In a move celebrated by the market, Bob Iger has been reappointed as chief executive of Disney (DIS).
The entertainment giant said in a statement on Sunday that Iger would again take the helm, effective immediately, after Iger’s hand-picked successor, Bob Chapek, has been scrutinized for his management of the company. Disney’s third-quarter earnings underperformed Wall Street’s expectations, with its theme park business also delivering less than what analysts had projected despite reporting a surge in revenue.
Iger has signed on as CEO for two years, with a mandate from the board “to set the strategic direction for renewed growth and to work closely with the Board in developing a successor to lead the Company at the completion of his term,” Disney said in a statement.
Investors celebrated the news. Shares of Disney increased around 9% in early trading Monday. Year to date through November 18, shares of Disney have fallen 41%, with the stock hitting a 52-week low on November 9.

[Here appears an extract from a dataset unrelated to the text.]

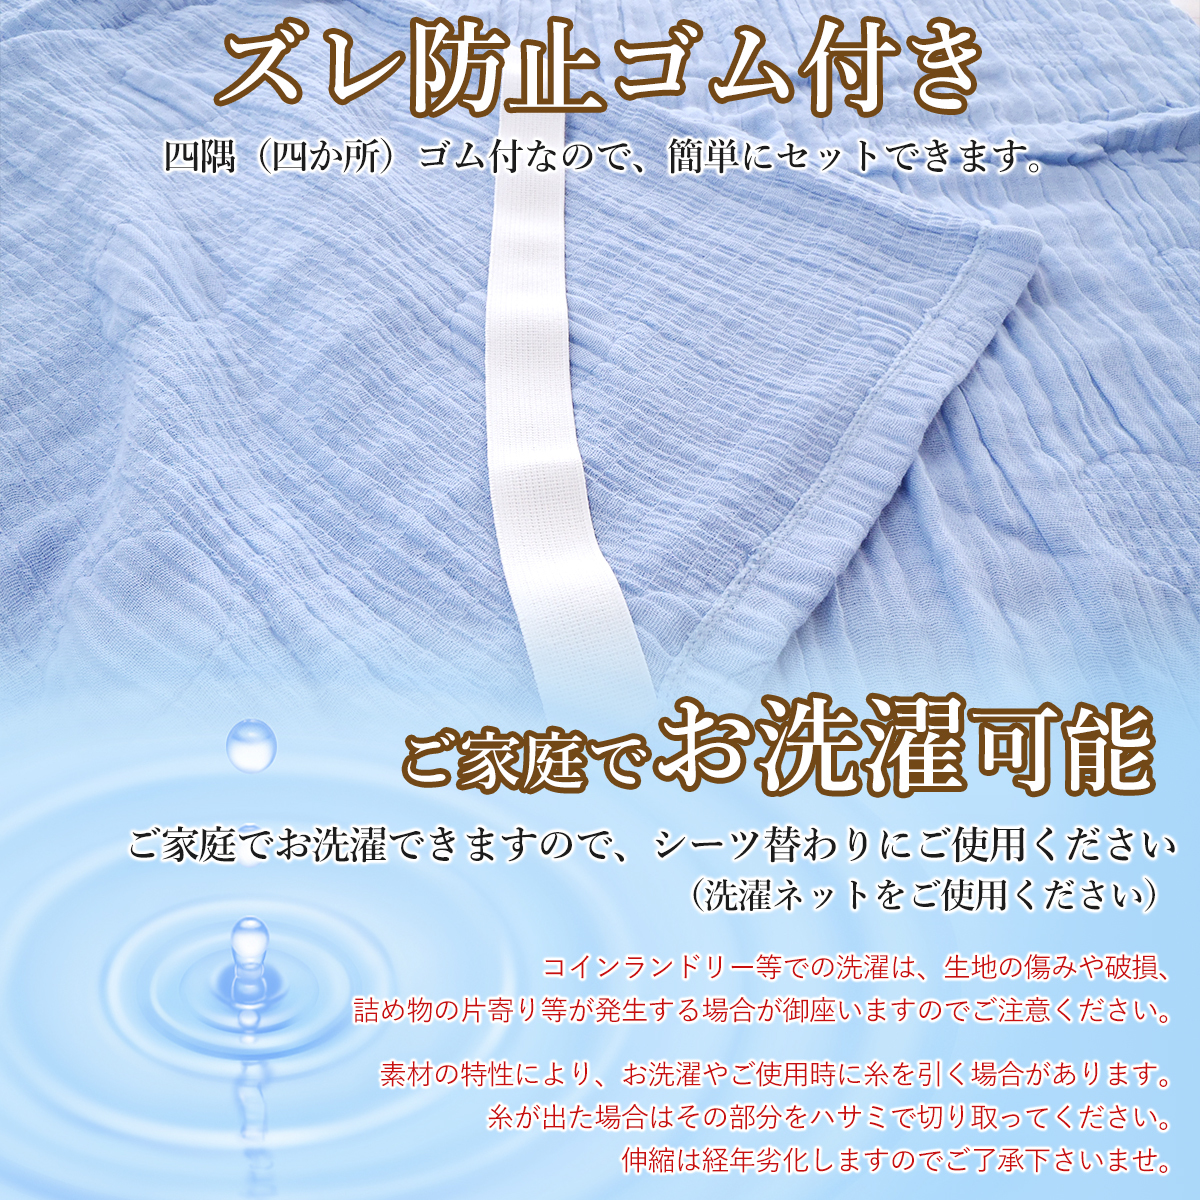  romance small Japanese cedar 5 -ply gauze sheet single bed pad sheet made in Japan gauze ...
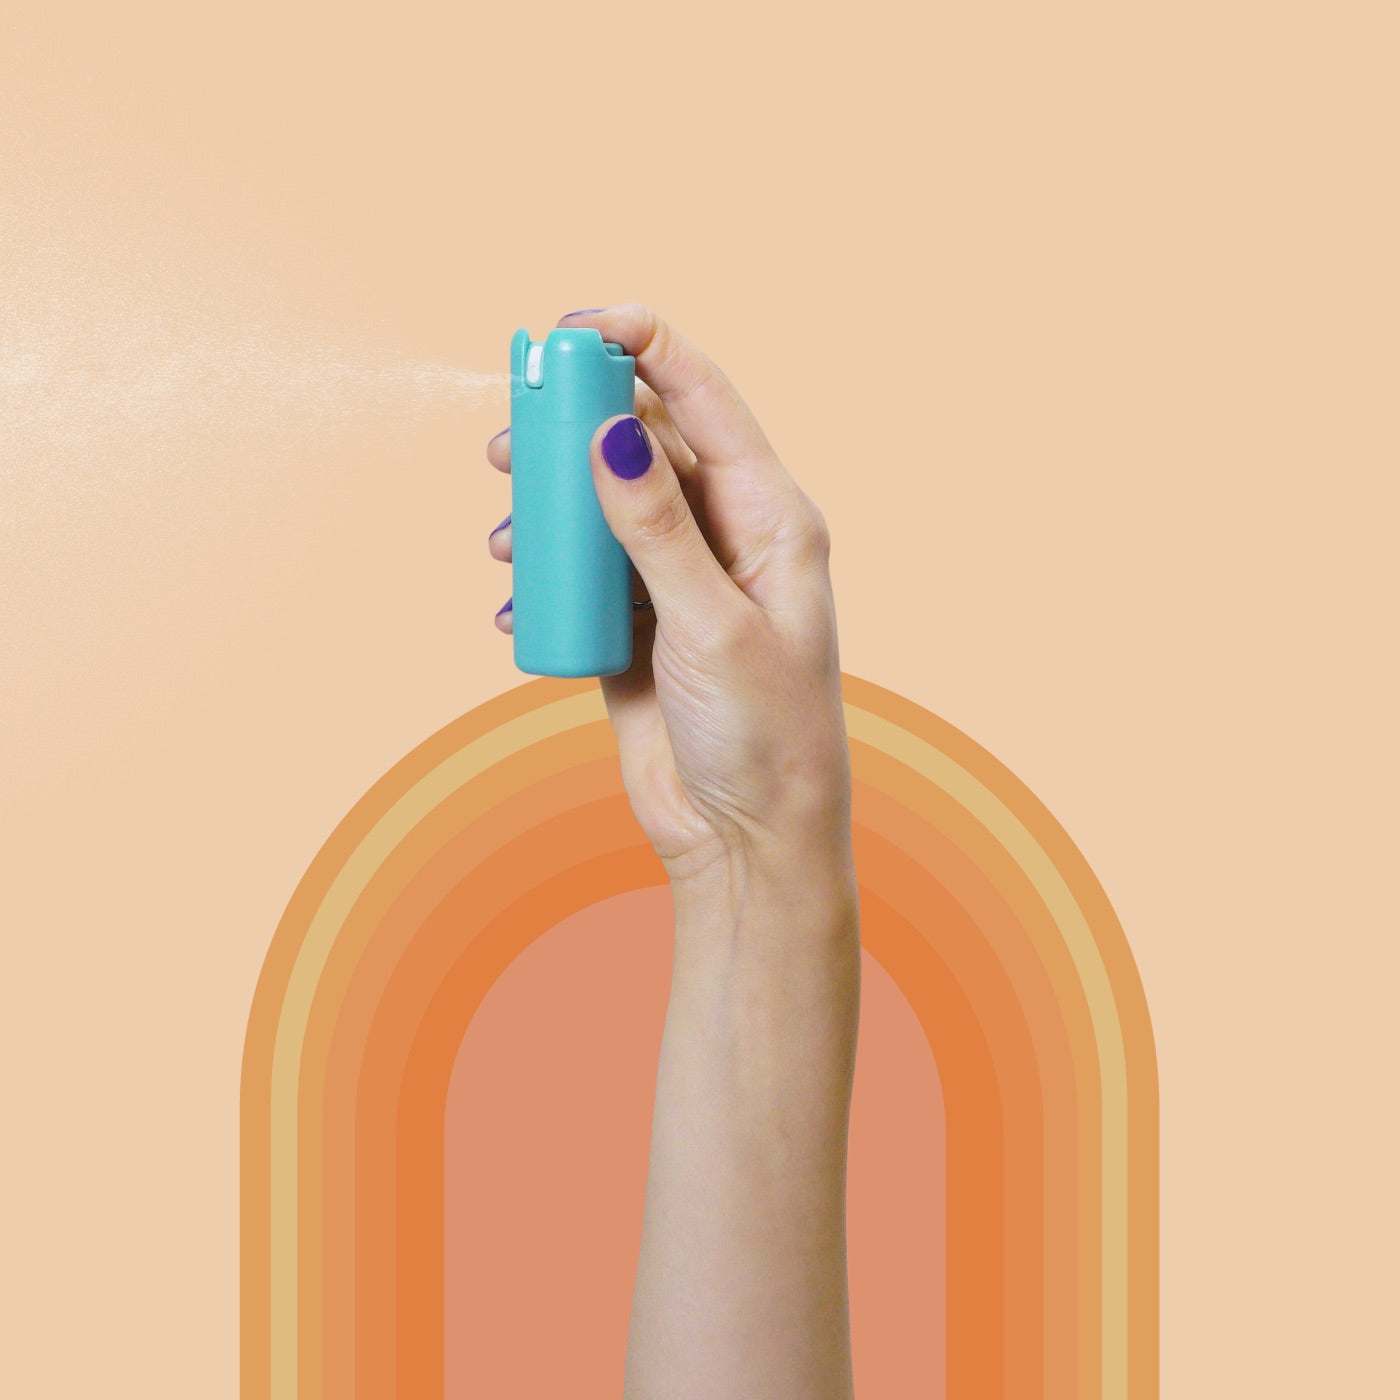 A hand holds a Sanikind sanitizer dispenser against an orange background.

Invesco’s robust lineup of ETFs includes three funds that offer meaningful exposure to Disney: the Invesco NASDAQ Internet ETF (PNQI ), the Invesco Dynamic Media ETF (PBS ), and the Invesco Dynamic Leisure & Entertainment ETF (PEJ ).
PNQI is based on the Nasdaq CTA Internet Index, which includes companies whose primary businesses include internet-related services including, but not limited to, internet software, internet search engines, web hosting, website design, or internet retail commerce as determined by the Consumer Technology Association (CTA).
PBS tracks the Dynamic Media Intellidex℠ Index, which is designed to evaluate companies based on a variety of investment merit criteria, including price momentum, earnings momentum, quality, management action, and value. The index is comprised of 30 U.S. media companies that are principally engaged in the development, production, sale, and distribution of goods or services used in the media industry.
PEJ is based on the Dynamic Leisure & Entertainment Intellidex℠ Index. The index behind PEJ and PBS utilize the same evaluation process and criteria. The index comprises 30 U.S. leisure and entertainment companies that are principally engaged in the design, production, or distribution of goods or services in the leisure and entertainment industries.